Ironically, it was the California Supreme Court, long regarded as perhaps the most liberal and forward-looking in the country, that upheld Bakke in a decisive 6-to-l opinion. Basing its decision on a rather literal reading of the 14th Amendment guarantee of equal protection under the law, the California court stated that the use of race as a criterion in any official program calls for judicial "strict scrutiny." Unless a "compelling state interest" can be demonstrated and there are no viable, nonracial alternative methods available, the use of race is forbidden. Here, the court ruled that the university had not exhausted alternative methods.
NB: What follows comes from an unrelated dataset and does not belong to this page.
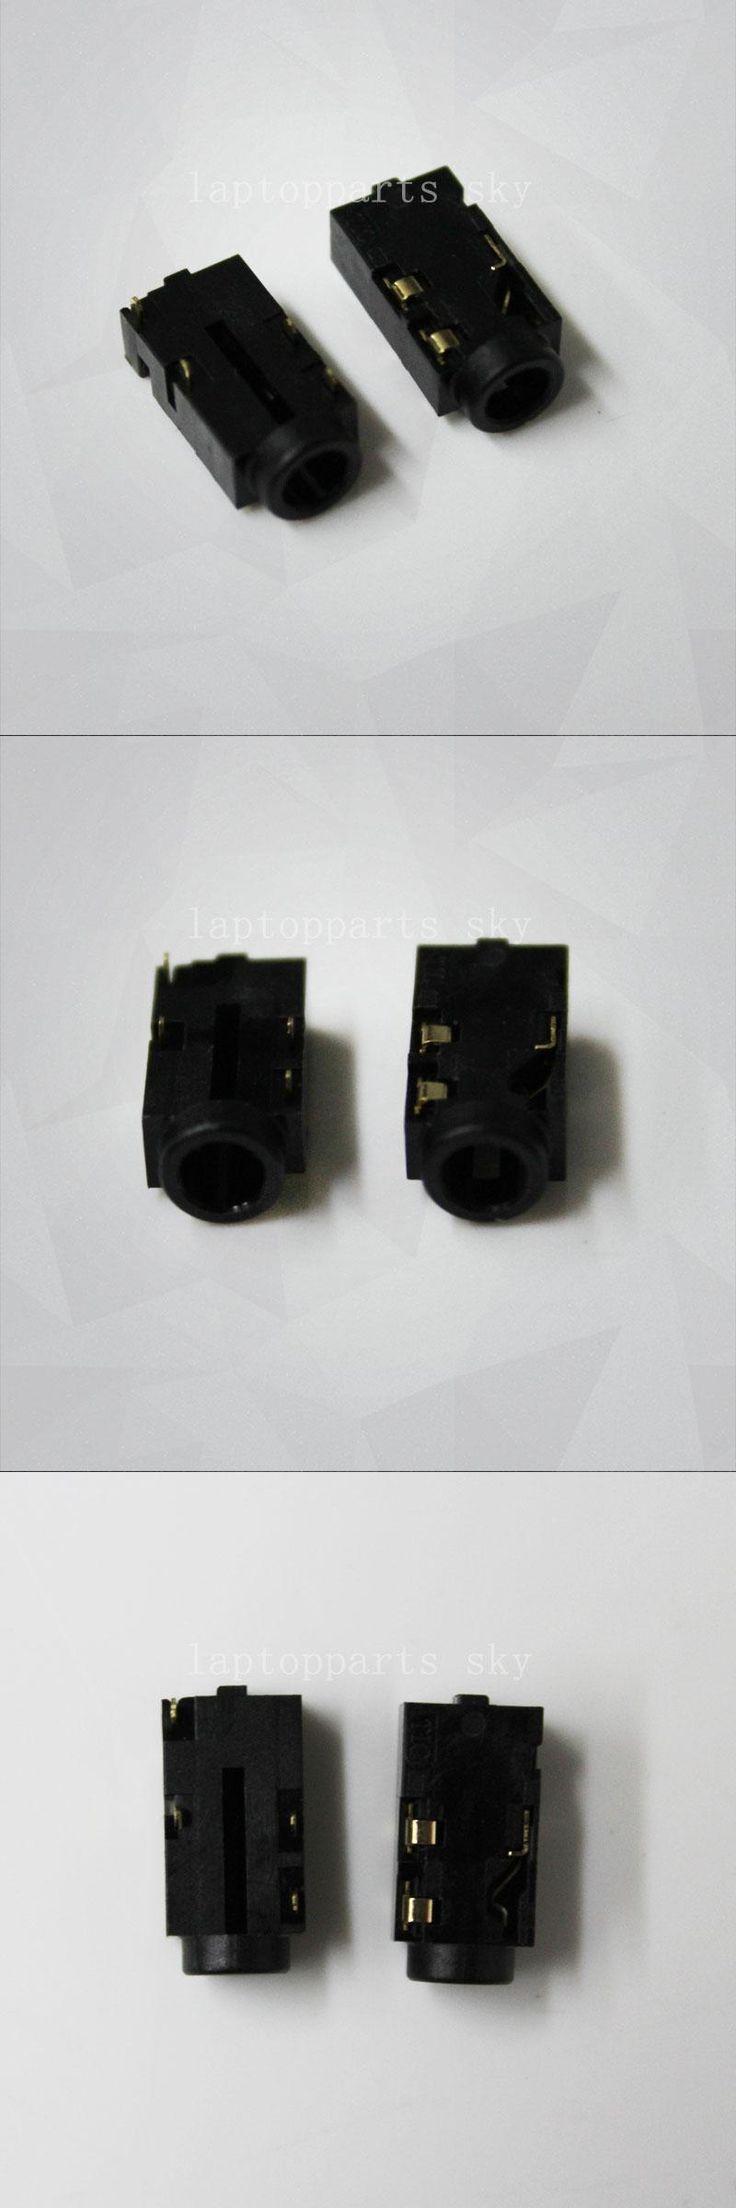 [Visit to Buy] new Headphone Audio Jack Connector for Toshiba Sattelite C850 L850 C855 L855 C870 L870 L875 motherboard Laptop MIC Socket #Advertisement

Among its suggestions: more aggressive recruitment of minority applicants or remedial education programs, and, at bottom, special admissions purely by educational and economic disadvantage, not by race.

Disregarding the advice of many civil rights groups, which thought the Bakke case a weak one on which to base a major fight, the University of California decided to seek review by the U.S. Supreme Court. When the high court agreed to hear the case, some 130 organizations, ranging from the American Federation of Teachers to the Sons of Italy, moved in to state their views on the controversy. They submitted a record 58 friend-of-the-court briefs, 42 of them opposing Bakke.